▸ SOURCE DATA:
════
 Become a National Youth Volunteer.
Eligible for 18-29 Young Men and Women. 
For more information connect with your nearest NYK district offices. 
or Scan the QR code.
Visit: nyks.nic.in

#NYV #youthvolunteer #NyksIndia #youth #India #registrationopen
════
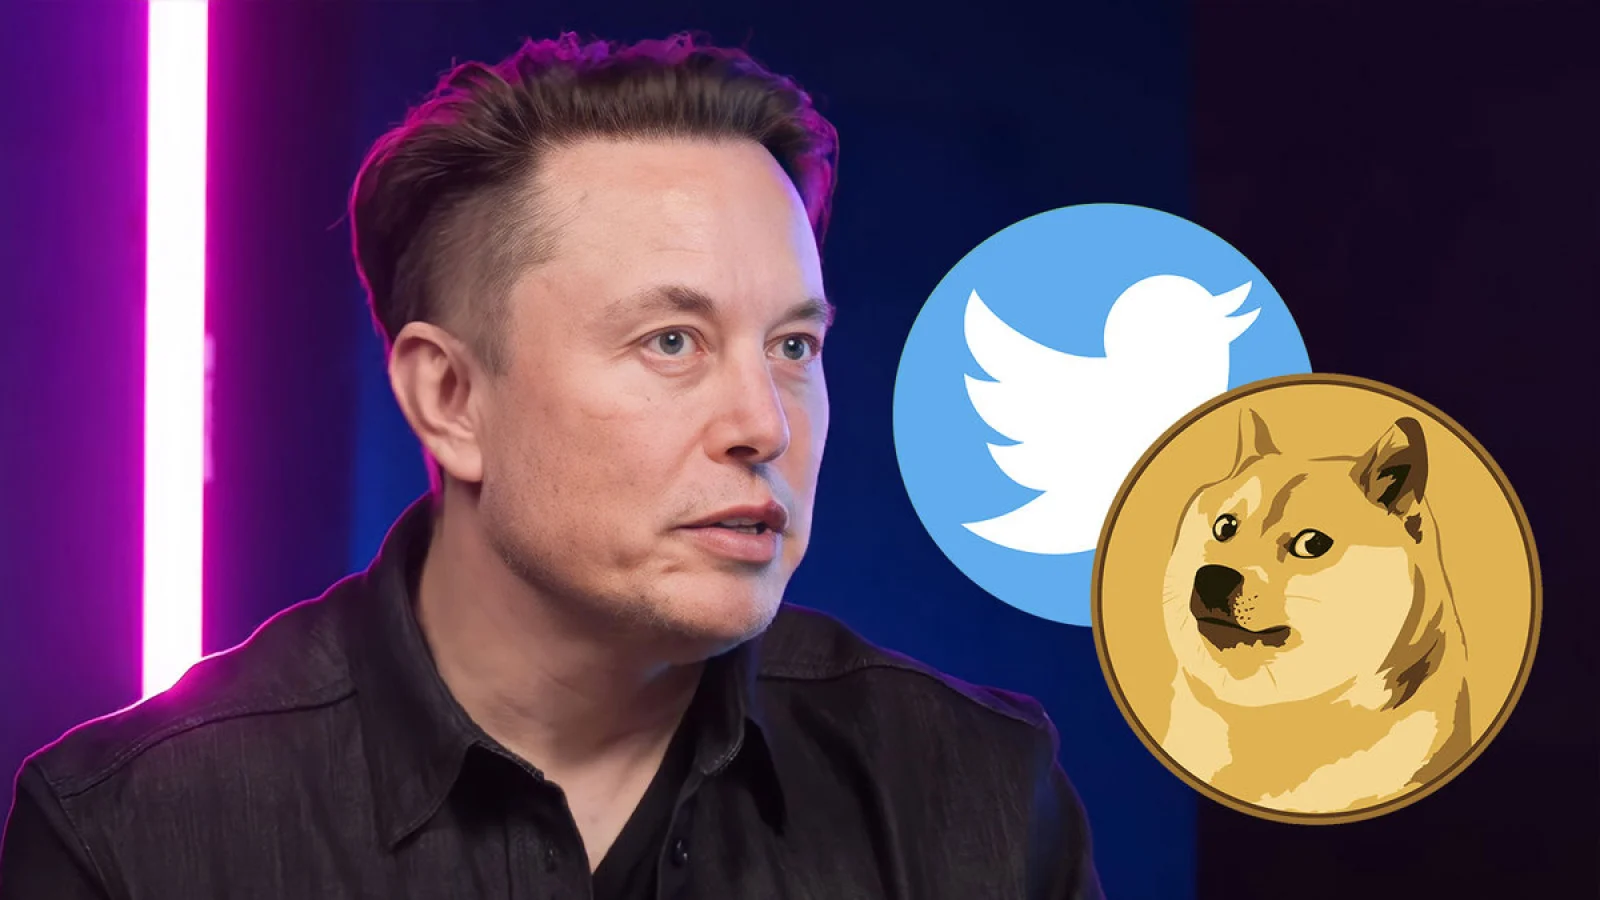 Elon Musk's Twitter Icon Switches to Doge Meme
════
▸ EXERCISE OBJECTIVE: Reproduce only the lines above, starting at the line with "or Scan the QR code." and ending at the line with "#NYV #youthvolunteer #NyksIndia", exactly as written.

▸ YOUR SOLUTION:
or Scan the QR code.
Visit: nyks.nic.in

#NYV #youthvolunteer #NyksIndia #youth #India #registrationopen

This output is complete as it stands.